In this paper, we propose a modern synergetic neural network (MSNN) model to properly apply the advantages of SNN to practical problems. We first address the association error and release the parameter tuning space by defining and remodeling the state initialization method of SNN. Although SNN’s first study and some subsequent studies suggest that its initial state characterizes the similarity between samples and memories11,23,32,33,34, we prove that the initial state does not conform to the principles of a similarity metric. Therefore, we distill the network's method of calculating the initial state and remodel it as a definitive solution. Since the new solution isolates the parameter tuning process, the whole optimization space can be reserved for the task properties. We design an Error BackPropagation (EBP) based attention parameter training method that allows MSNN to be co-trained with other network layers for automatic data distribution adaptation.

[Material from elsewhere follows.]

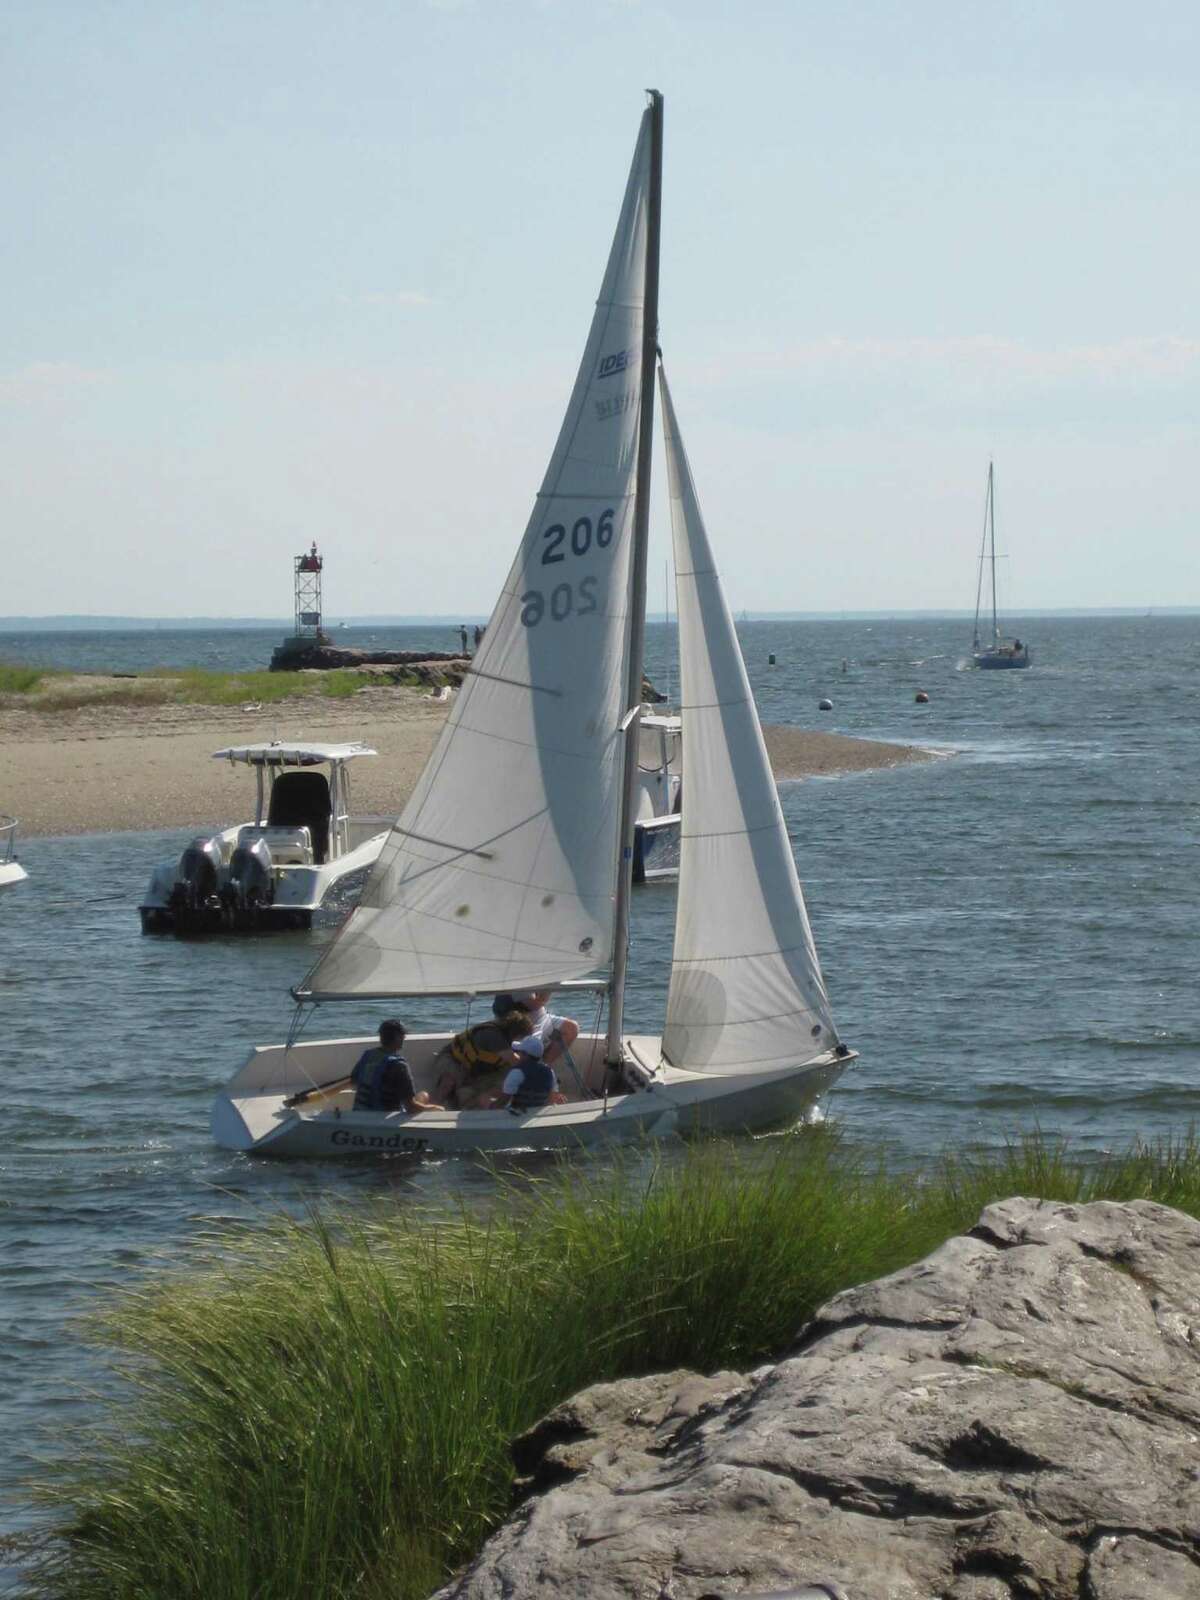 A group of experienced sailing, and kayaking enthusiasts, Community Sailing of Fairfield, is going to host a free, three part, open to the public, and safe sailing seminar series with safety seminars on the following select dates, and times. They are: Tuesdays, April 19, April 26, and May 3, at 7 p.m., at the Fairfield Recreation Center in the town, with a photo for the series, shown.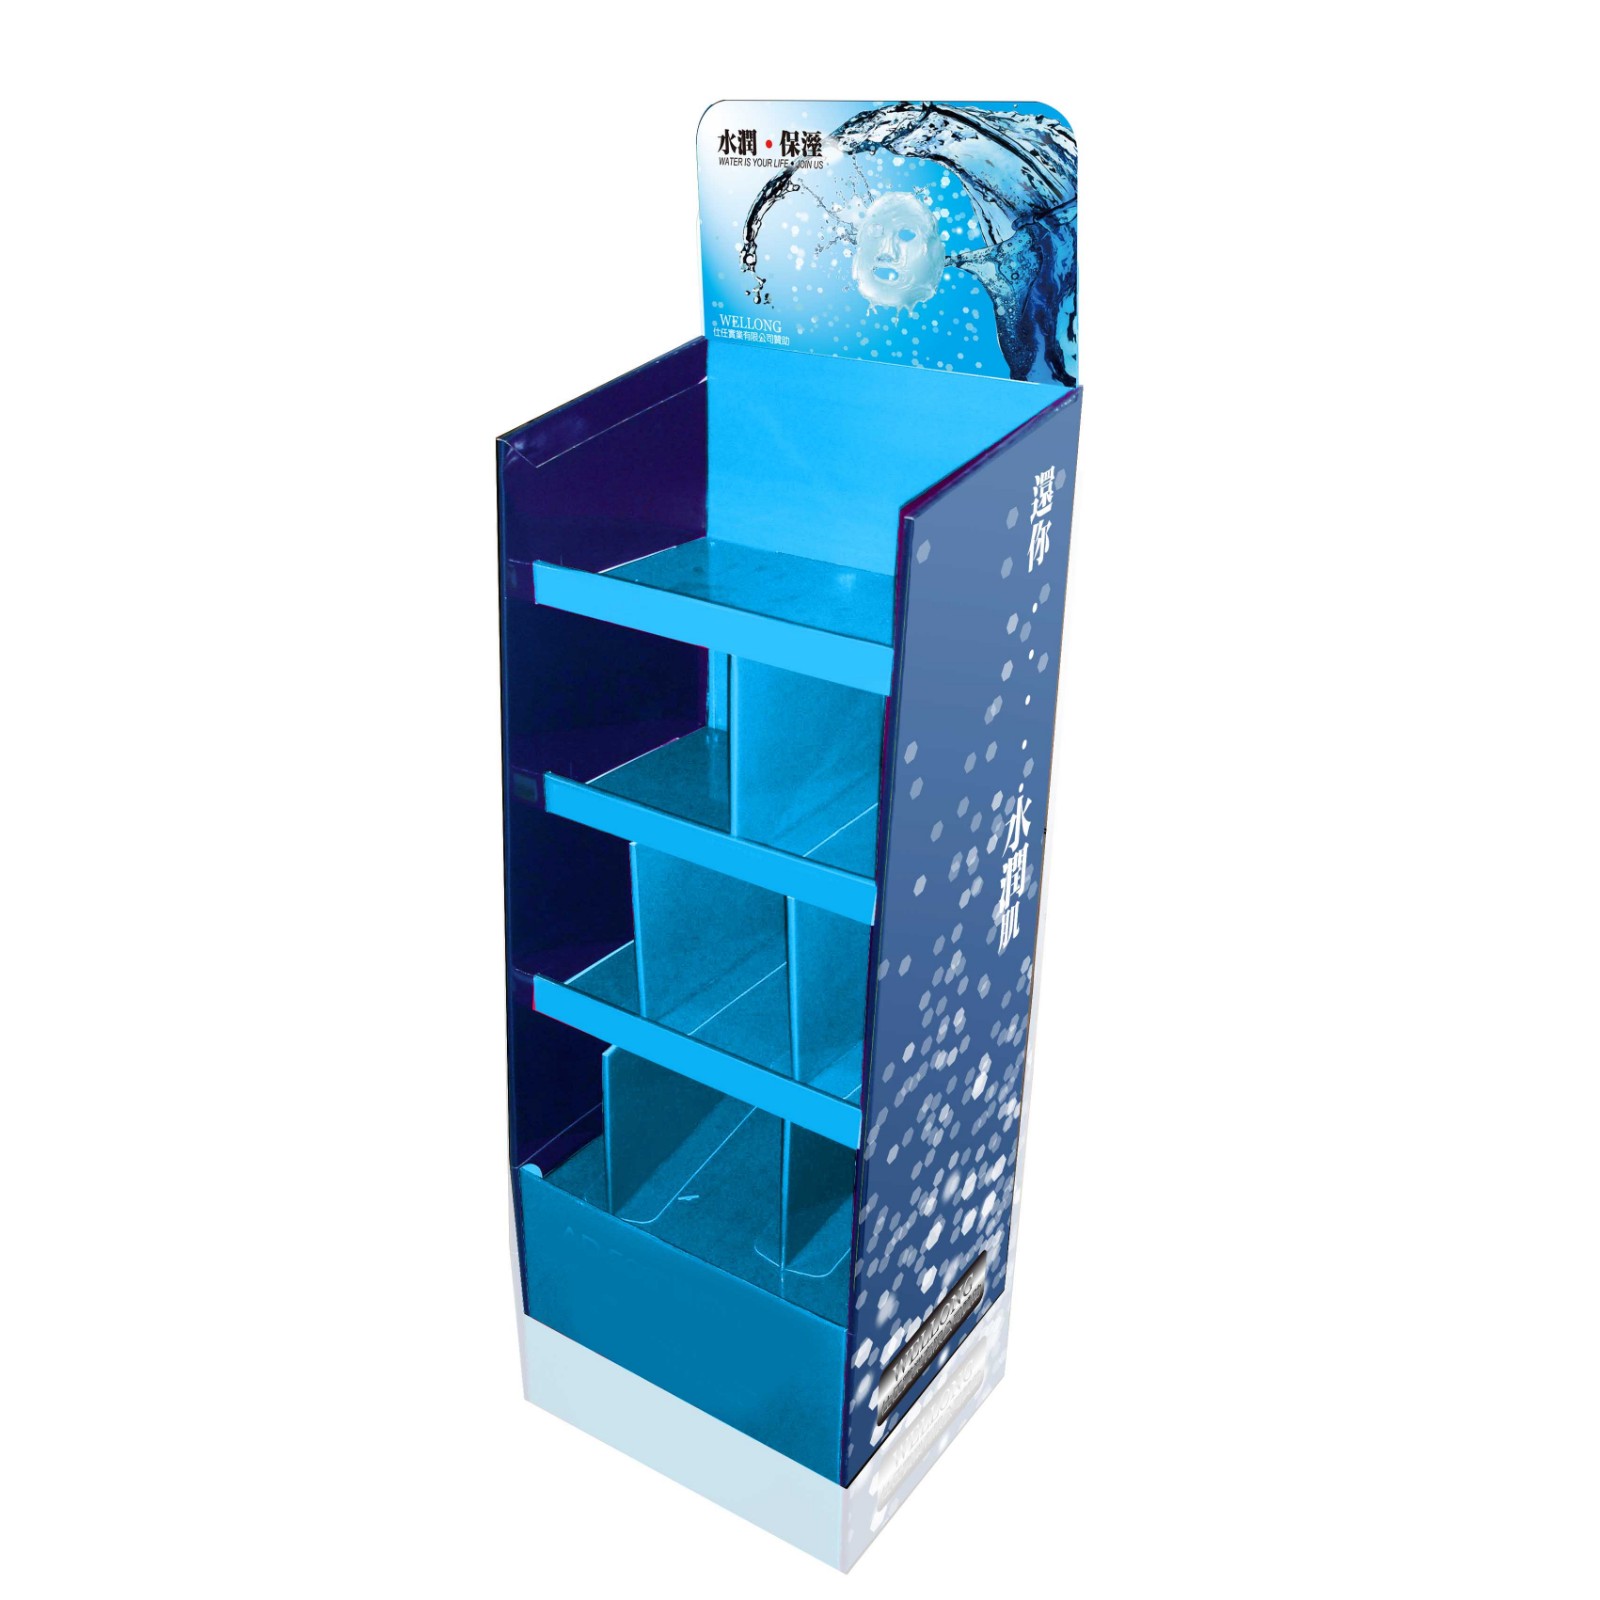 A-15 Floor display stand

Experimental results on 75 imbalanced small UC Irvine Machine Learning (UCI) Datasets show that these improvements make MSNN outperform 187 neural and non-neural methods.

Contribution of this work

(1) Revealing the root of the SNN association error to be the wrong state initialization method. (2) Updating SNN’s working process to solve the association error and release the parameter tuning space. (3) Proposing an EBP-based training method to enable adaptation of the built-in attention parameters to the data distribution.

Related work

In general, classification methods for imbalanced data include data preprocessing, training target modification, and proposing targeting methods35. Since most classification networks are not designed with data imbalance, related research focuses on data preprocessing methods. Depending on the distributional characteristics of the data, preprocessing methods can be categorized into oversampling36,37, undersampling38,39, and hybrid methods of the two40,41. In recent years, with the increasing demand for data volume of classification networks and the proposal of pattern generation methods based on generative adversarial networks, oversampling of minority classes has gradually become a mainstream method42,43. However, our solution belongs to the category of proposing targeting methods, and our network natively supports imbalanced data for training, which is divergent from the above studies.

SNN overview

SNN’s working procedure

SNN is a 3-layer RNN, its network structure is shown in Fig. 1. Updating formula of SNN11 of its input, hidden, and output layer is

$${\varvec{\xi}}={V}^{+}{\varvec{x}}$$
(1)
$${{\varvec{\xi}}}^{{\varvec{n}}{\varvec{e}}{\varvec{w}}}=Syn\left({\varvec{\xi}}\right)=\gamma \left(\frac{b{{\varvec{\xi}}}^{3}+{\varvec{\lambda}}{\varvec{\xi}}}{(b+c){\Vert {\varvec{\xi}}\Vert }_{2}^{2}}+\left(\frac{1}{\gamma }-1\right){\varvec{\xi}}\right)$$
(2)
$${{\varvec{x}}}^{{\varvec{n}}{\varvec{e}}{\varvec{w}}}=V{{\varvec{\xi}}}^{{\varvec{n}}{\varvec{e}}{\varvec{w}}}$$
(3)

\({\varvec{x}}\) is the normalized query pattern. \(V=[{{\varvec{v}}}_{1},\dots ,{{\varvec{v}}}_{{\varvec{M}}}]\) is the matrix of normalized static prototypes representing memories. \({{\varvec{x}}}^{{\varvec{n}}{\varvec{e}}{\varvec{w}}}\) is the new input transmitting to Eq. (1). \({\varvec{\xi}}\) is the vector of order parameters. \({V}^{+}\) is \(V\)’s Moore–Penrose inverse44,45. \(Syn\) is the Synergetic activation function. \(\gamma\) is the learning rate. Network parameters include \({\varvec{\lambda}}\), \(b\), and \(c\). \({\varvec{\lambda}}\) is the attention parameter to the prototypes with default value 1. Higher attention brings greater chances of association. \(b\) and \(c\) control the convergence speed with default value 1. SNN requires that all prototypes are mutually independent, and that their total number is less than the dimension, such that the product of \({V}^{+}\) and \(V\) is the identity matrix. Substitute Eq. (3) into (1), and \({\varvec{\xi}}={V}^{+}{{\varvec{x}}}^{{\varvec{n}}{\varvec{e}}{\varvec{w}}}={{\varvec{\xi}}}^{{\varvec{n}}{\varvec{e}}{\varvec{w}}}\). Thus, the update formula can be interpreted as constructing a dynamic system of \({\varvec{\xi}}\). \({\varvec{\xi}}\) is the dynamical state, and its initial value is the initial state. The variation of \({\varvec{\xi}}\) is reflected to \({\varvec{x}}\) through \(V\).

Figure 1
figure 1

SNN structure. The activation function of the hidden layer is \(Syn\). The input and output layers are linear mappings with weights of the adjoint matrix \({V}^{+}\) and the prototype matrix \(V\), respectively.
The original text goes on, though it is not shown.